# Dishplayer loses guide..."No Information"



## Guest (Nov 21, 2002)

Well, after months of flawless performance thanks to recent dishplayer upgrades (compared to lots of problems a year ago) my dishplayer has started acting flaky again. I don't know if a new upgrade has broken something or the bugs have just now started to show up...

Basically, after having a 7 day guide available and looking good, the next day I will lose the guide entirely. (All slots show "No Information.") Going to Home downloads a new Guide, which might well be gone the next day. Of course if no Guide, no recording happens. I'm getting quite annoyed by my regular programs failing to be recorded.

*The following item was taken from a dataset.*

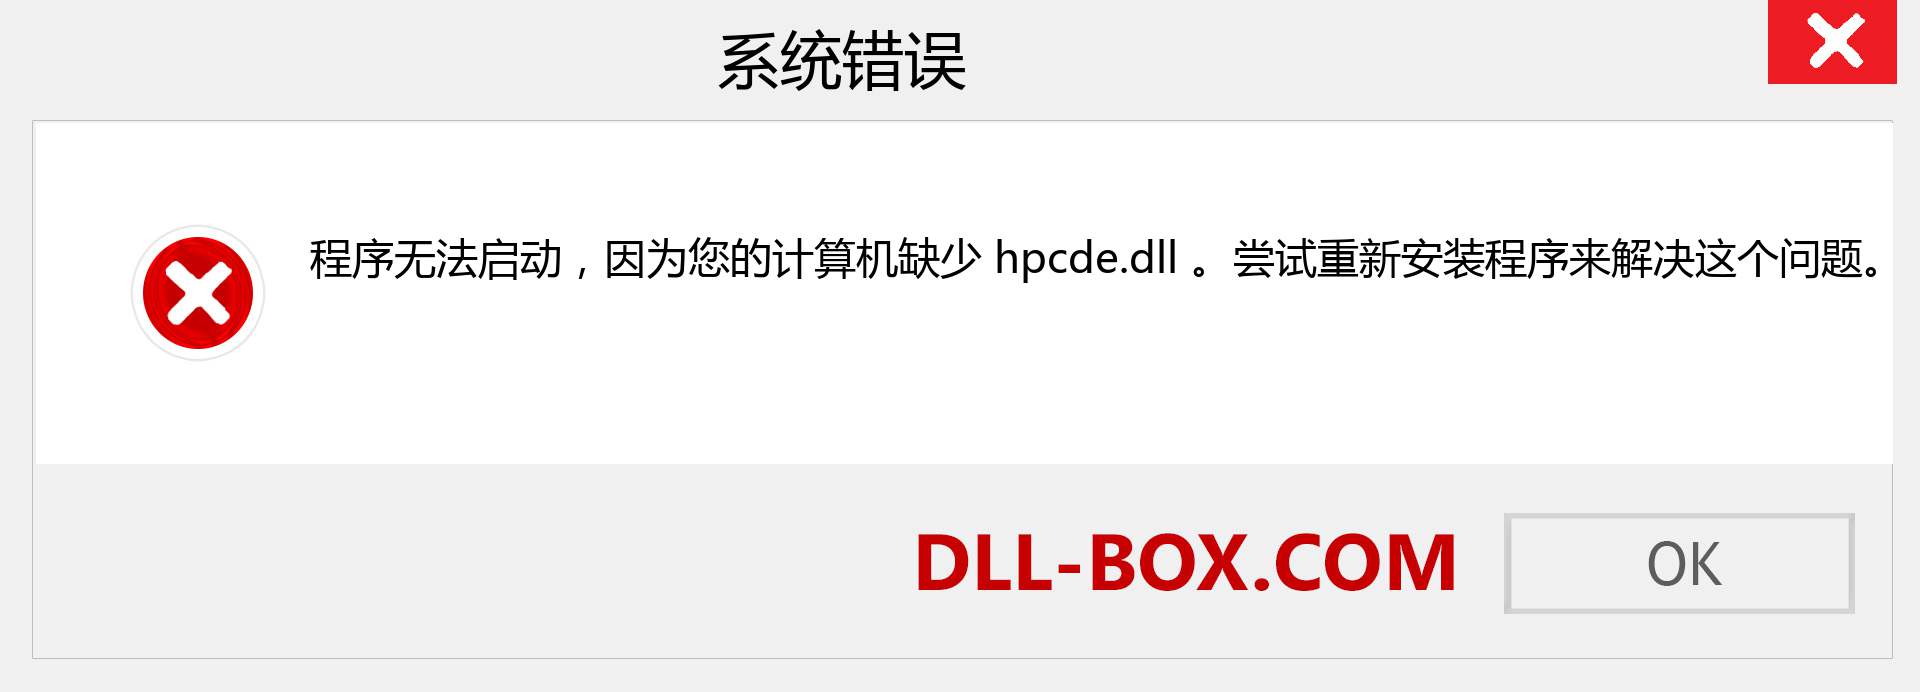 hpcde.dll 文件丢失？。 适用于 Windows 7、8、10 的下载 - 修复 Windows、照片、图像上的 hpcde dll 丢失错误

Any thoughts, info, or recent changes/bug reports matching this?

Thanks!
zane


----------



## minnow (Apr 26, 2002)

Try this:

Do the check switch, turn the DP off and then press the options button on your remote and then enter 7225000. Turn your DP back on and this will cause the unit to download the 44 hour guide. If all goes well, the moon is full, you wear garlic around your neck and the rooster comes home to roost, you might get the 7 day download at 3:00 a.m. I had the same exact problem and after that procedure, I had the 7 day guide the next day.


----------



## TopCat99 (Nov 3, 2002)

My PVR501 (I know, a different model ) likes to lose program descriptions. It'll start around 7 or 8 at night, and all programs until midnight (usually) just show "Series/Special (CC)" in info.

Go figure


----------



## Guest (Nov 30, 2002)

I am having the exact same problems that Zane posted. It started the following day after a new software update about 10 days ago. I got a hold of a level 2 tech person and after running through the usual tests, he said he is "almost certain" that it is happening because of memory loss and that the unit needs to be replaced (again). This seems a bit coincidental since it started the day after the last software update. Of course I am out of warranty so this is going to cost me another $75.00 to replace a unit that I'm not sure is even broken. Every time I call for tech support they say that these receivers are problematic and offer to upgrade me to a 501 or 508 for $200.00. Let me see, I sold you a defective product originally and you have lived with the frustrations for quite some time. Now for only $200.00 more you can have a unit that actually works. Does anyone else but me see a flaw with this ethic? 

Thanks,
George


----------



## minnow (Apr 26, 2002)

It's not ethics were talking about here, it's more like business greed. Get as much $$$ out of the customer as you can.


----------



## David_Levin (Apr 22, 2002)

Many others with this problem:

http://www.dbsforums.com/ubb/ultimatebb.php?ubb=get_topic;f=14;t=002952;p=3


----------



## origkds (Dec 2, 2002)

Last night I got my first 3 A.M. download in ten days.


----------